There are a few different ways to perform an inventory count, they vary from more involved to less—a full counts, cycle count, tag count, or ad hoc count. Learn more about the different physical inventory counting methods here 

No matter the type of count you perform, and when, it’s an important exercise to be detailed and thorough about. Any misses or mistakes may ripple into larger issues down the line. Make use of automation when you can or outsource to an inventory auditing company to make sure it’s done properly.  

What to Expect from a Physical Inventory Count?  

If you work with a 3PL or fulfillment provider, you may be under the impression that all inventory counting is out of your hands. It’s not. You are, in the end, responsible for the inventory you have in stock. Even if you’re not performing the physical inventory count yourself, you need to take a very active role in verifying the final inventory numbers.  

Here are a few details that ecommerce brands may not know to expect.  

  • All order movement stops for at least 48 hours. This is imperative to focus on tagging, reconciling, and counting.  
  • No products can be expected from your manufacturer—everything must be in person without, all supplier transactions are completed.  
  • Your business is essentially on hold for two days, sometimes more.  
  • Expect to be in daily meetings with your 3PL combing through and finalizing the inventory. 
  • You’ll be asked to thoroughly review inventory numbers and your tagged inventory audit report. 
  • Be prepared to cycle up or cycle down if there are discrepancies between your books and what your 3PL or auditor counts in physical stock. 

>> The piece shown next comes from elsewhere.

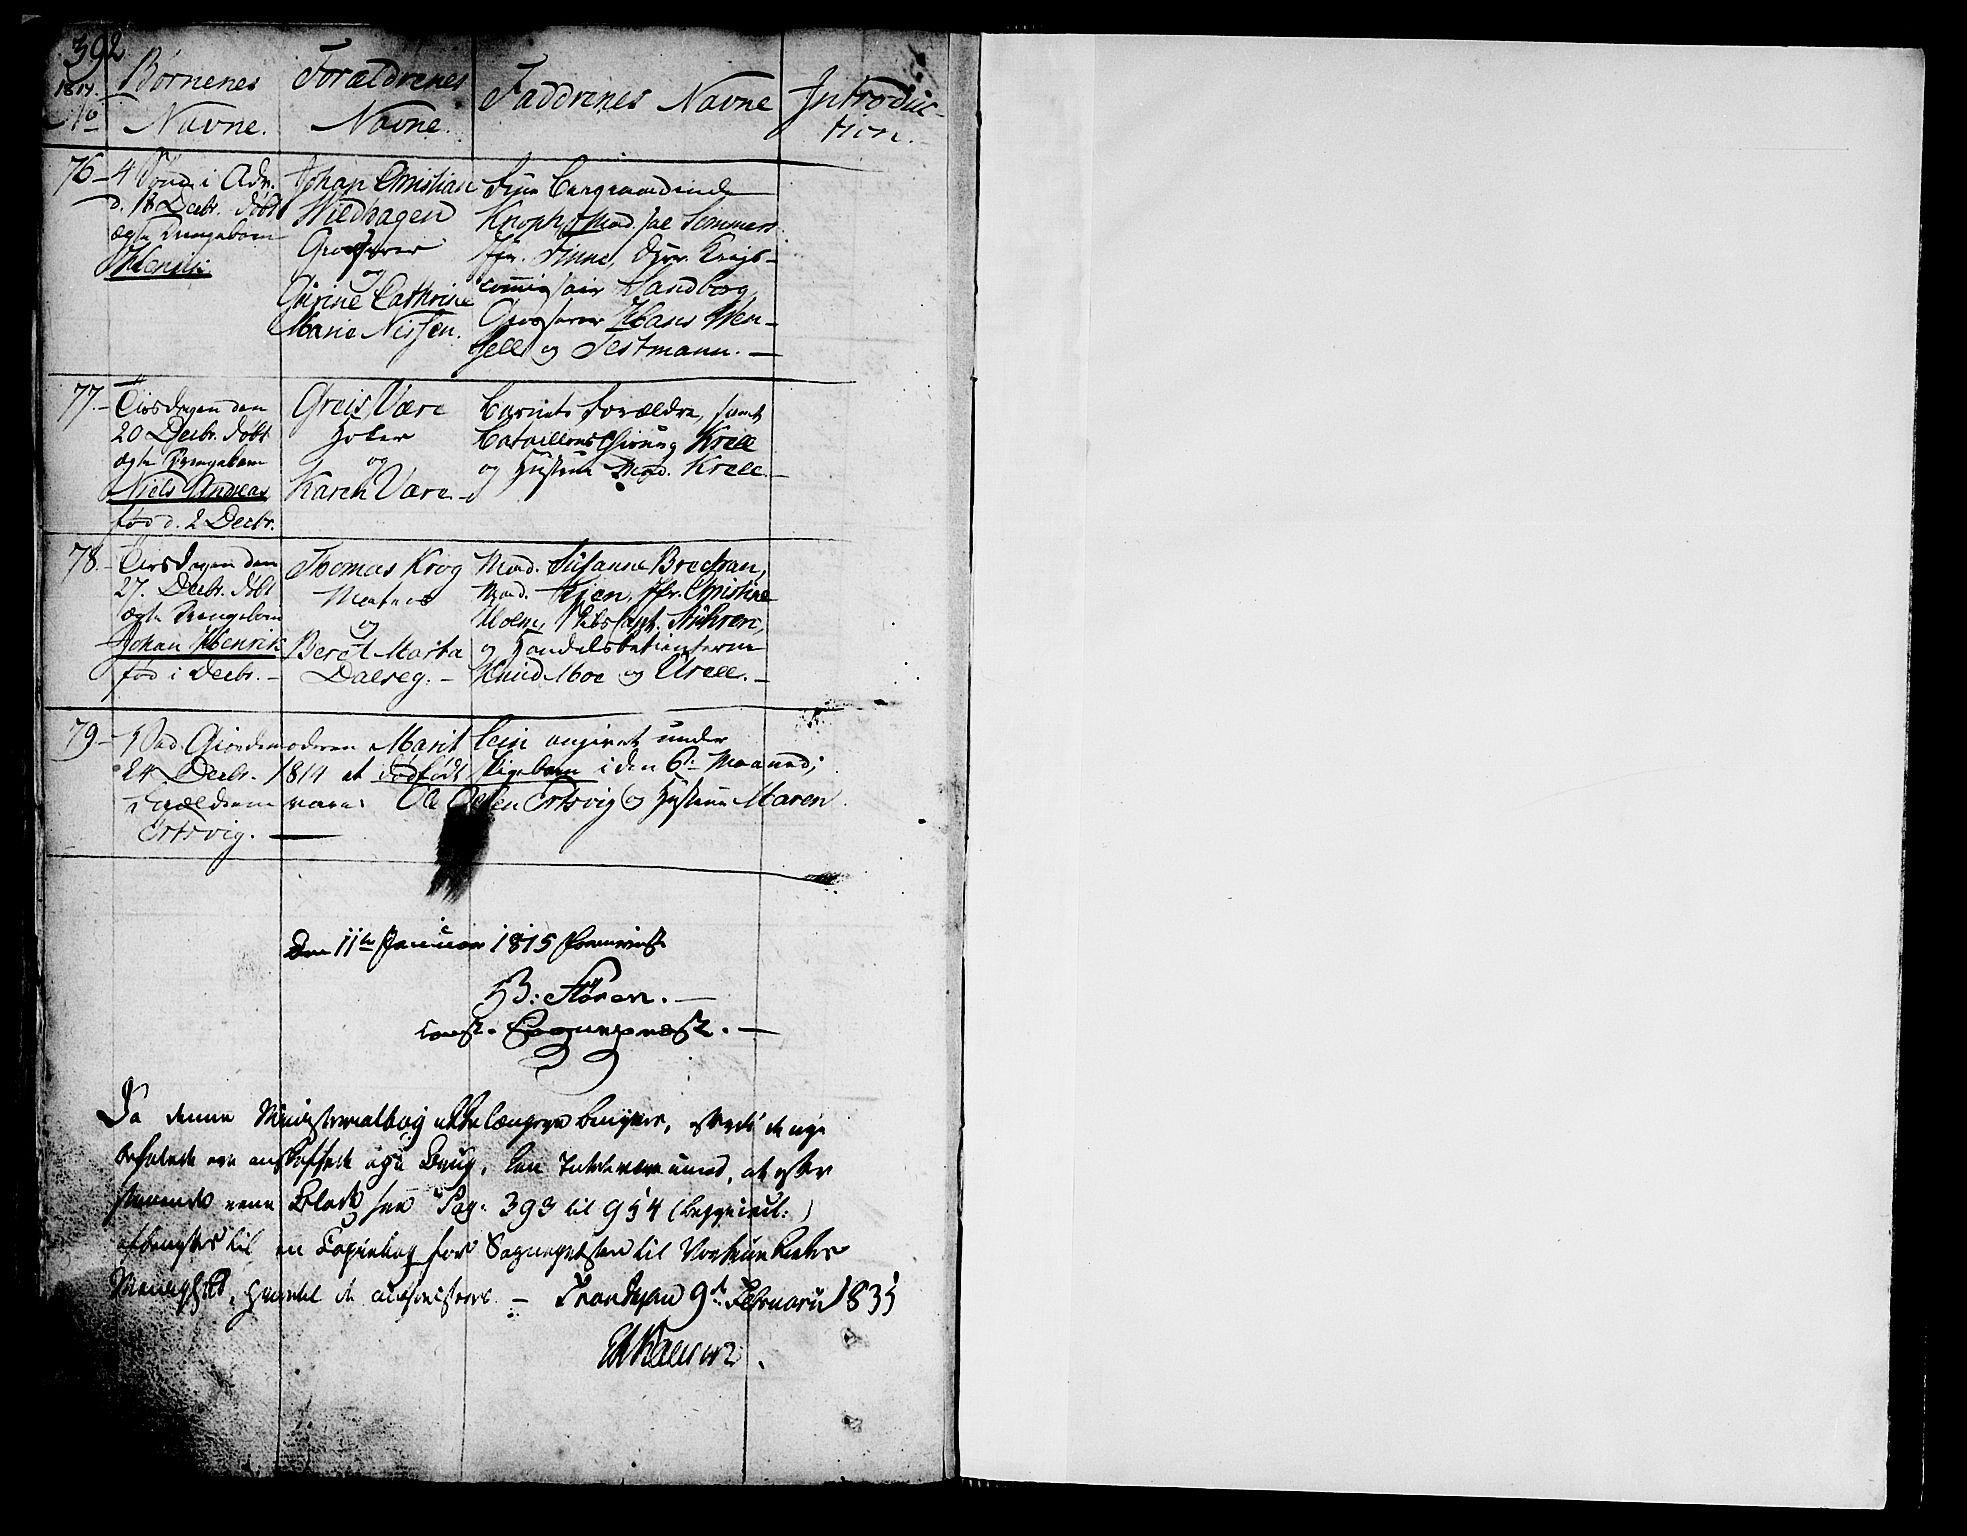 SAT, Ministerialprotokoller, klokkerbøker og fødselsregistre - Sør-Trøndelag, 602/L0104: Ministerialbok nr. 602A02, 1774-1814, s. 392-393
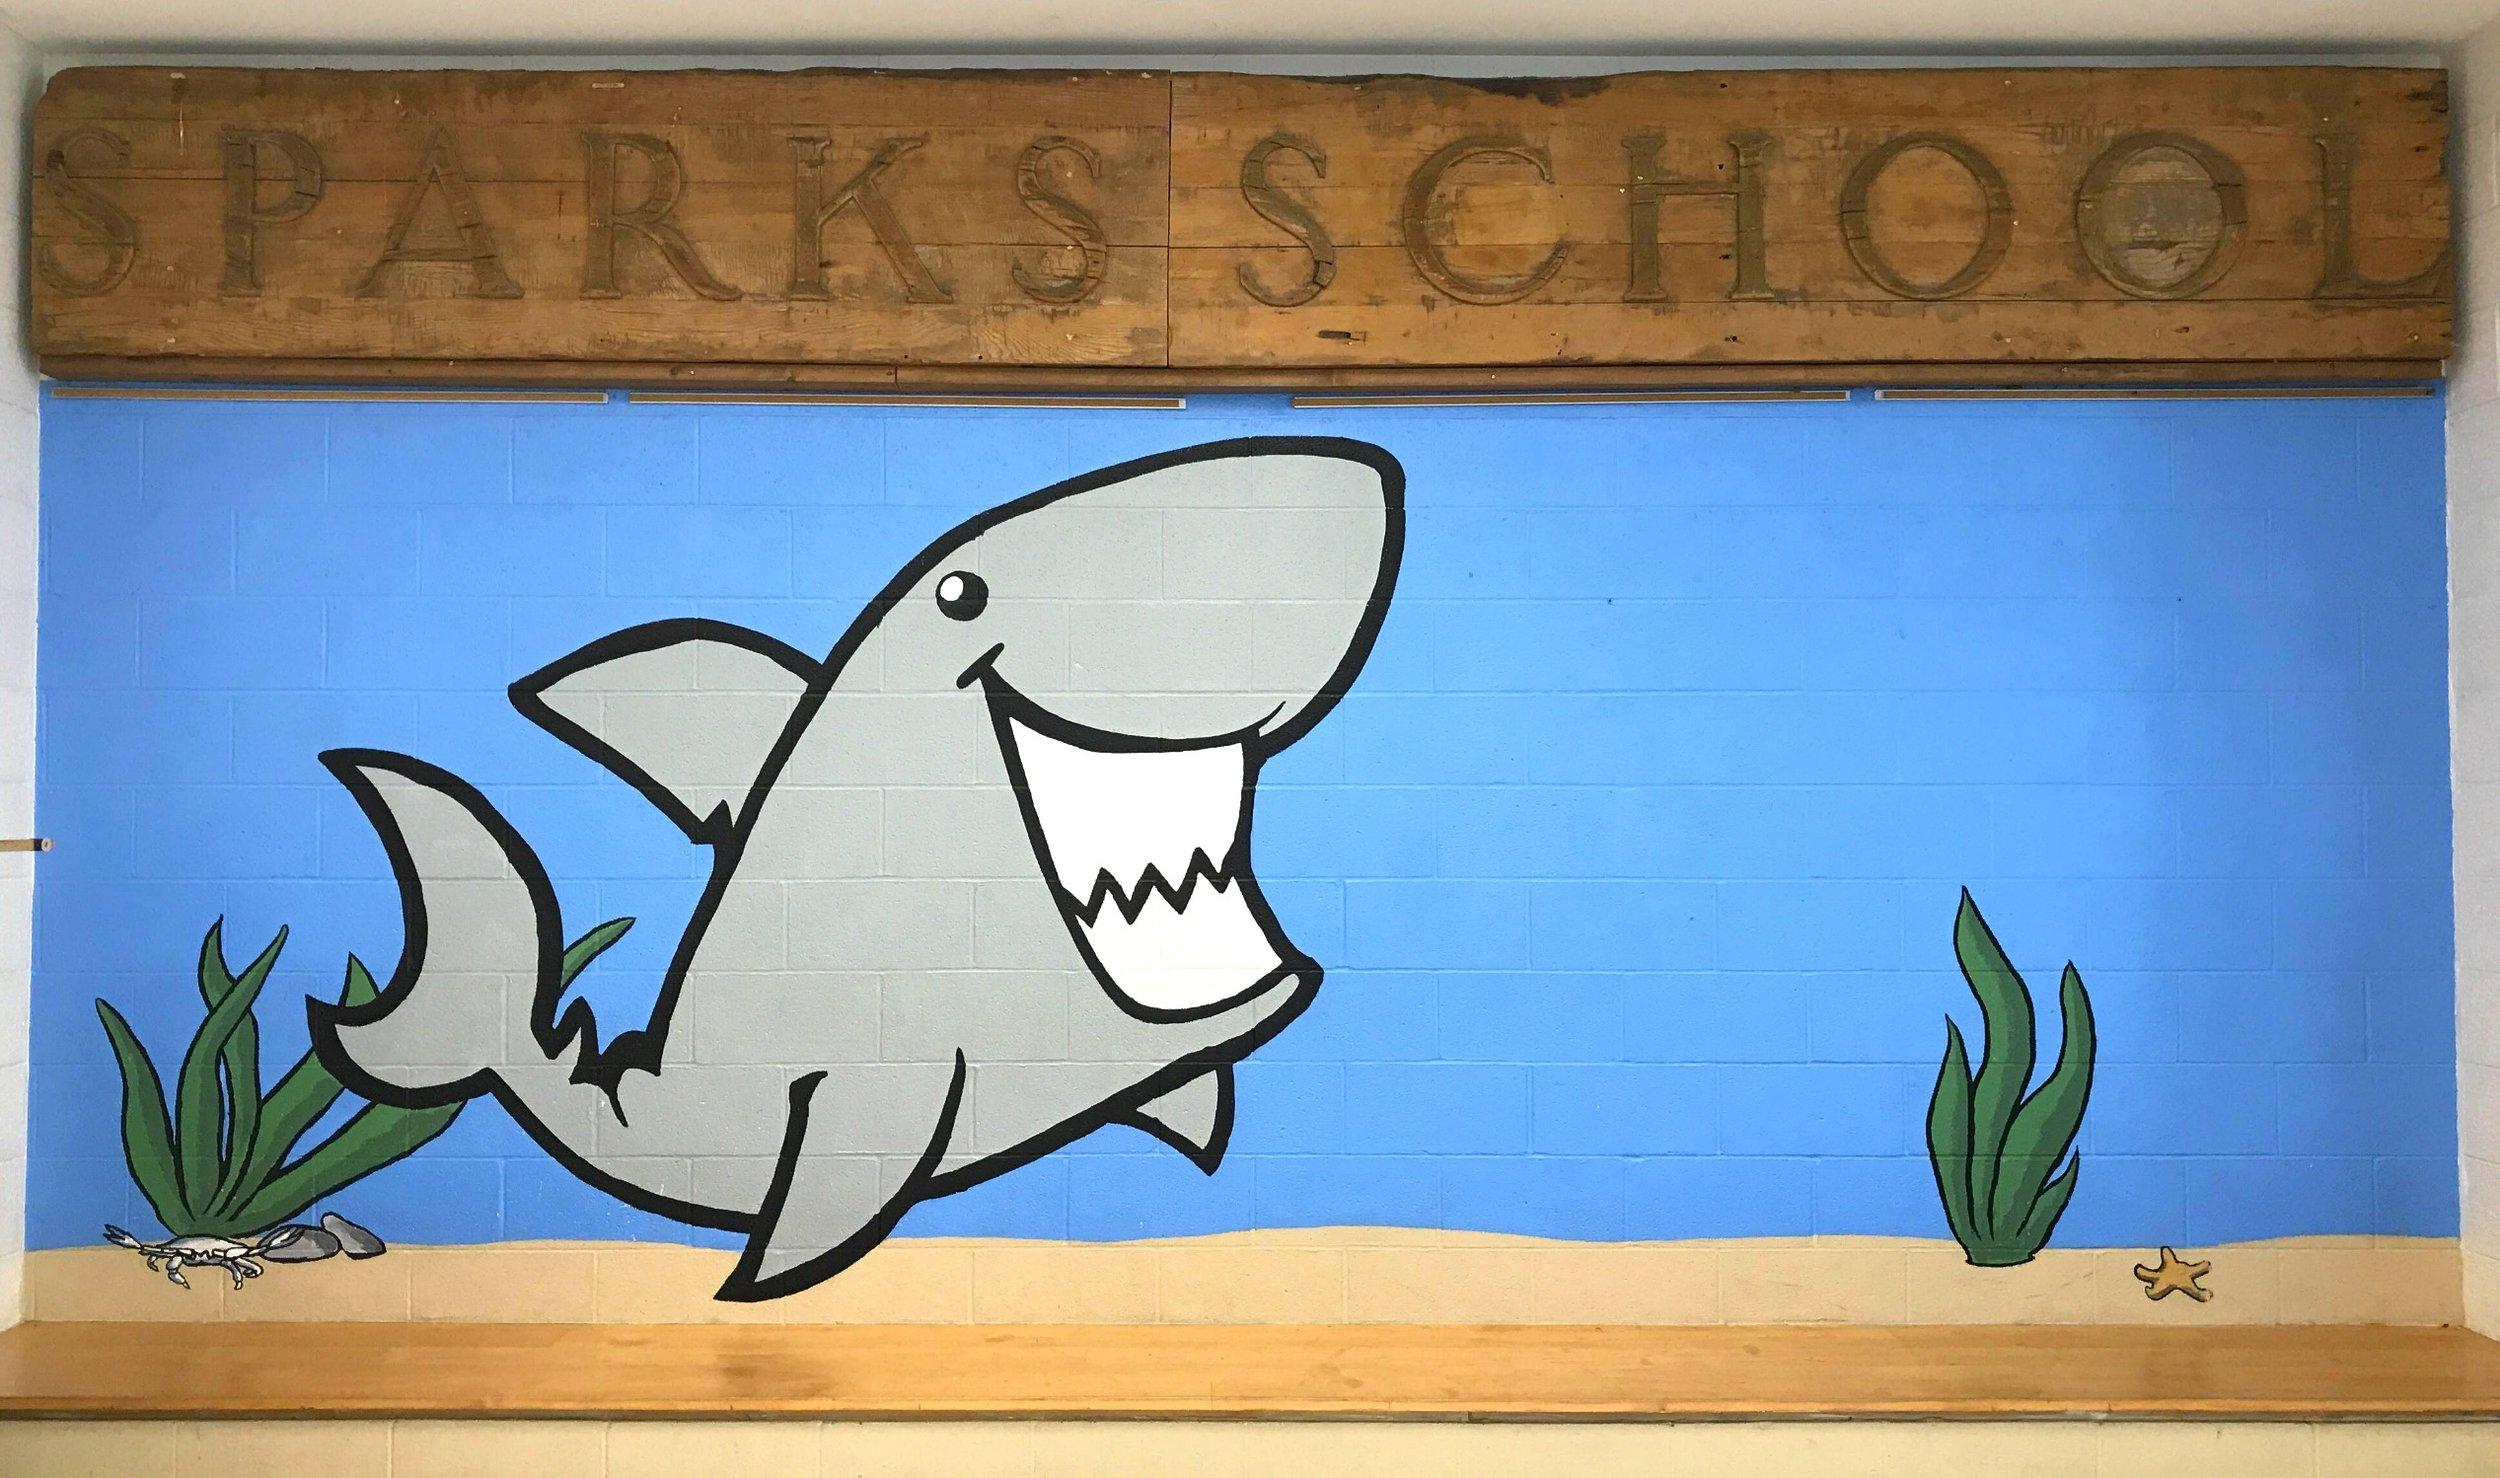 sparks school mural 3.jpg

How Your 3PL Should Support Brand Growth  

If you outsource fulfillment and logistics to a 3PL, your provider should help you set up a physical inventory count and assess the data. A 3PL with experience will prove valuable when you have more or less of a product you’d expected. Working with a provider who supports omnichannel fulfillment may be especially helpful to help your brand grow into new sales channels.